NASE News

Americans Cannot Afford To Wait For Health Reform, Study Says

The Robert Wood Johnson Foundation recently released a report that projects a staggering increase in the number of uninsured Americans over the next decade if federal health reforms are not enacted.

The report, compiled by researchers from the Urban Institute, found that inaction on health care reform could lead to the cost of health care for businesses doubling and the number of uninsured Americans rising to 65.7 million by 2019.

The study used a range of three economic scenarios, based on rates of income growth and growth of health insurance costs, to project changes in health care coverage and cost trends. Even with the best-case scenarios, these projections reveal the necessity of a federal overhaul of the health care system.

Individual and family spending on premiums and out-of-pocket costs could increase between 46 and 68 percent by 2019, while employer spending on health insurance premiums could increase 72 percent even in the best-case scenario.
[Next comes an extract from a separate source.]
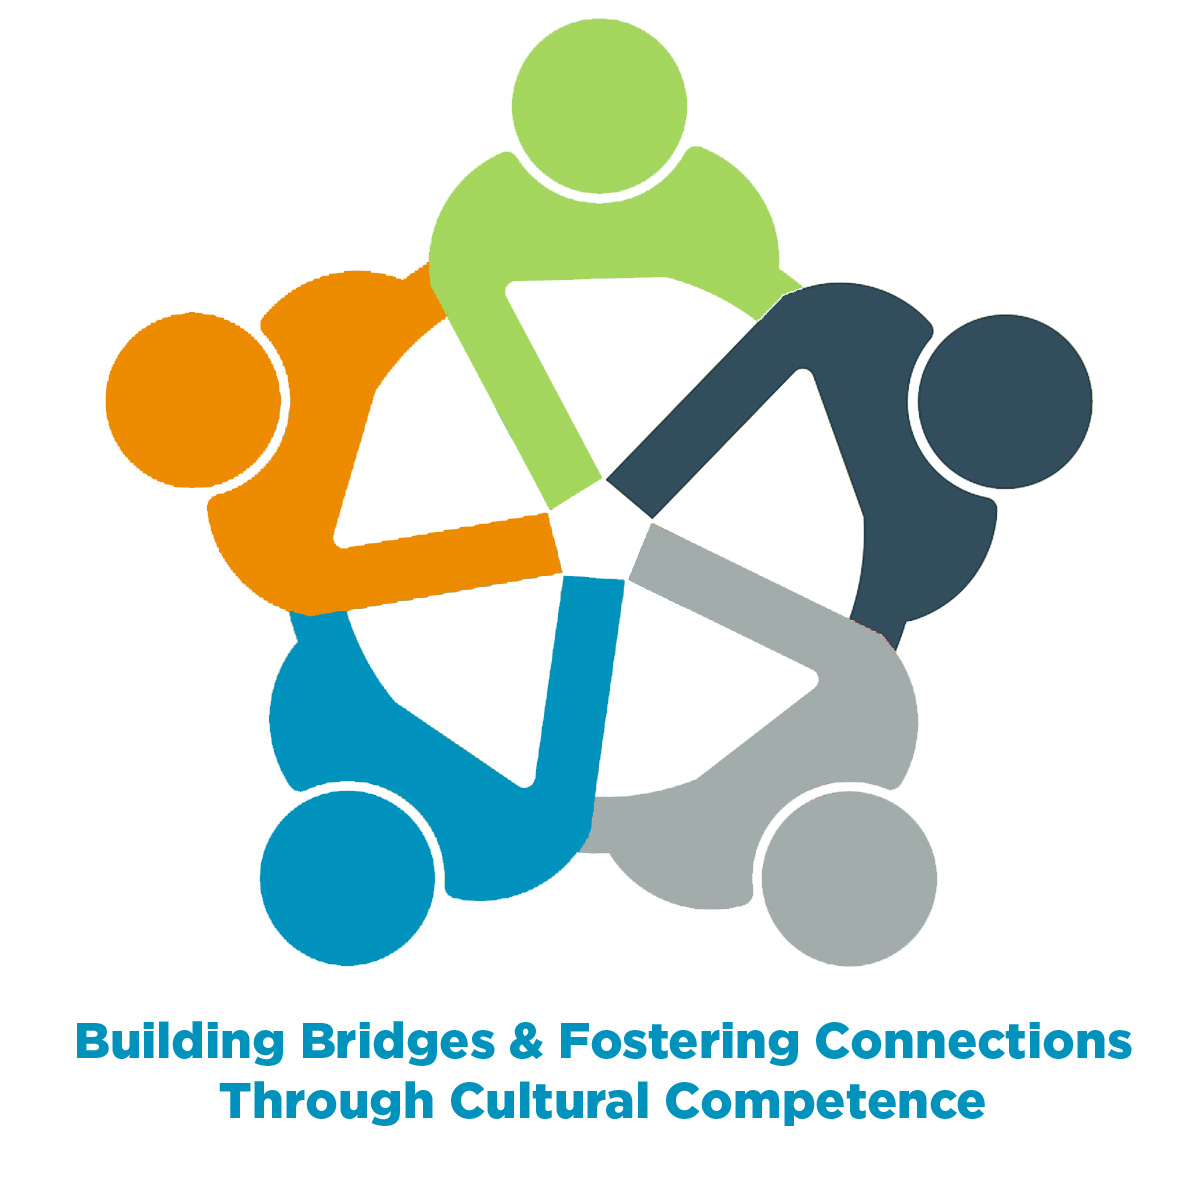 Building Bridges and Fostering Connections Through Cultural Competence
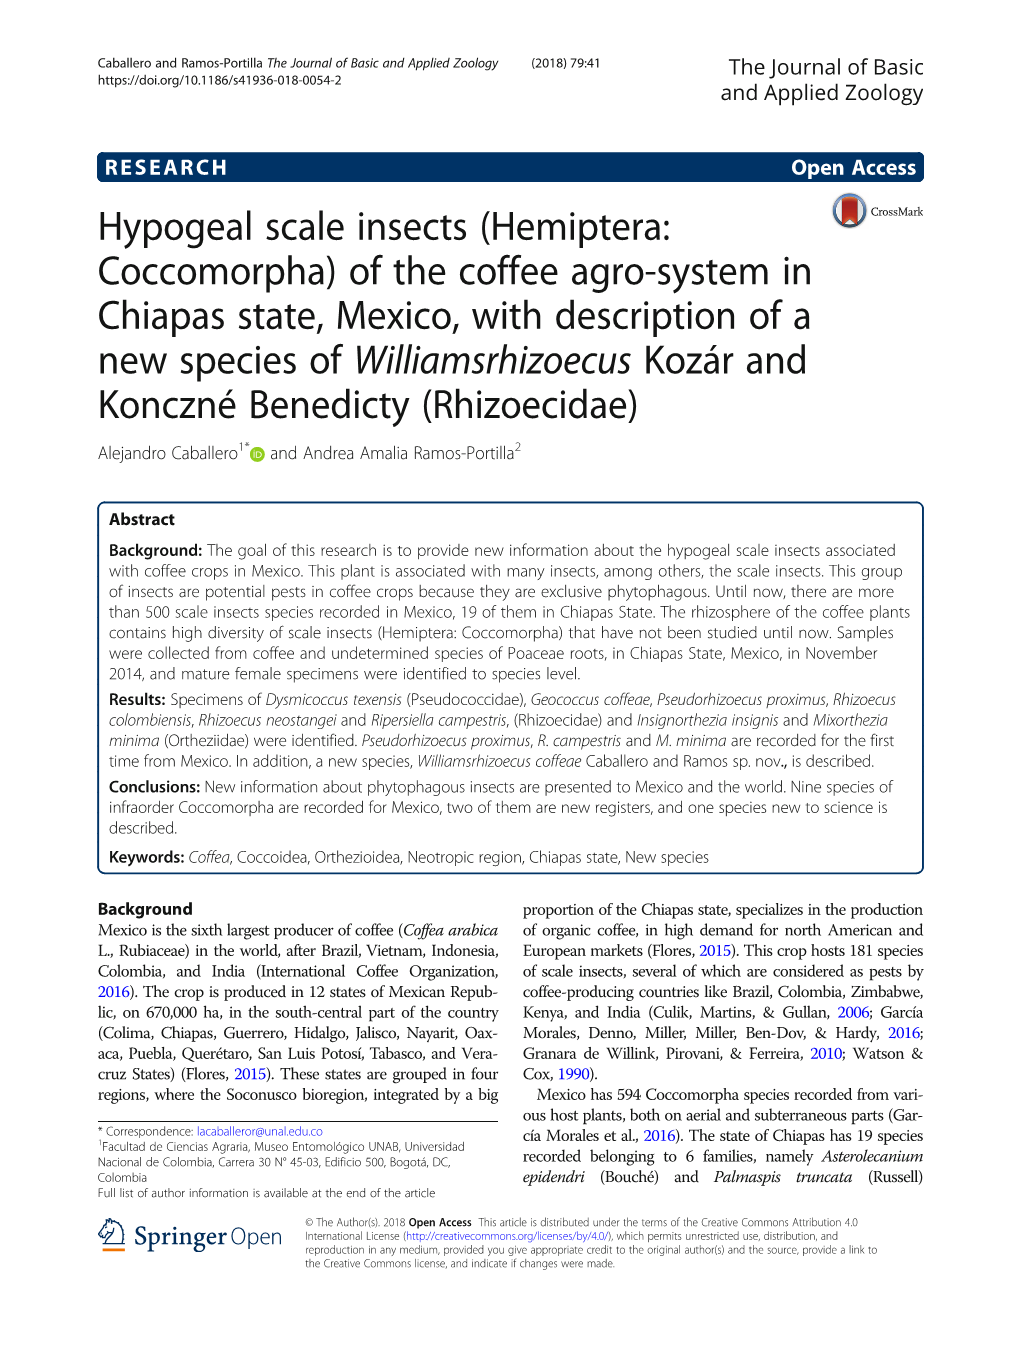 Hypogeal Scale Insects

These rising costs could leave as few as 49.2 percent of Americans (down from 56.1 percent) covered by employer-sponsored insurance by 2019.

With many families being priced out of private insurance, spending on Medicaid and the Children's Health Insurance Program is projected to increase to $519.7 billion from $251.2 billion over the next 10 years. Additionally, models show that between 53.1 million and 65.7 million Americans could be uninsured by 2019.

According to lead author John Holahan, Ph.D., director of the Health Policy Research Center at the Urban Institute, families with moderate incomes would be the hardest hit. "Increases in premiums cause fewer employers to offer-and fewer employees to accept- health insurance coverage. If federal action is not taken, many Americans would lose their employer-sponsored insurance over the next decade and move to Medicaid and other government programs," said Holahan. "Middle-income families would truly be stuck - too well off to be eligible for public programs, but too poor to afford their own health insurance."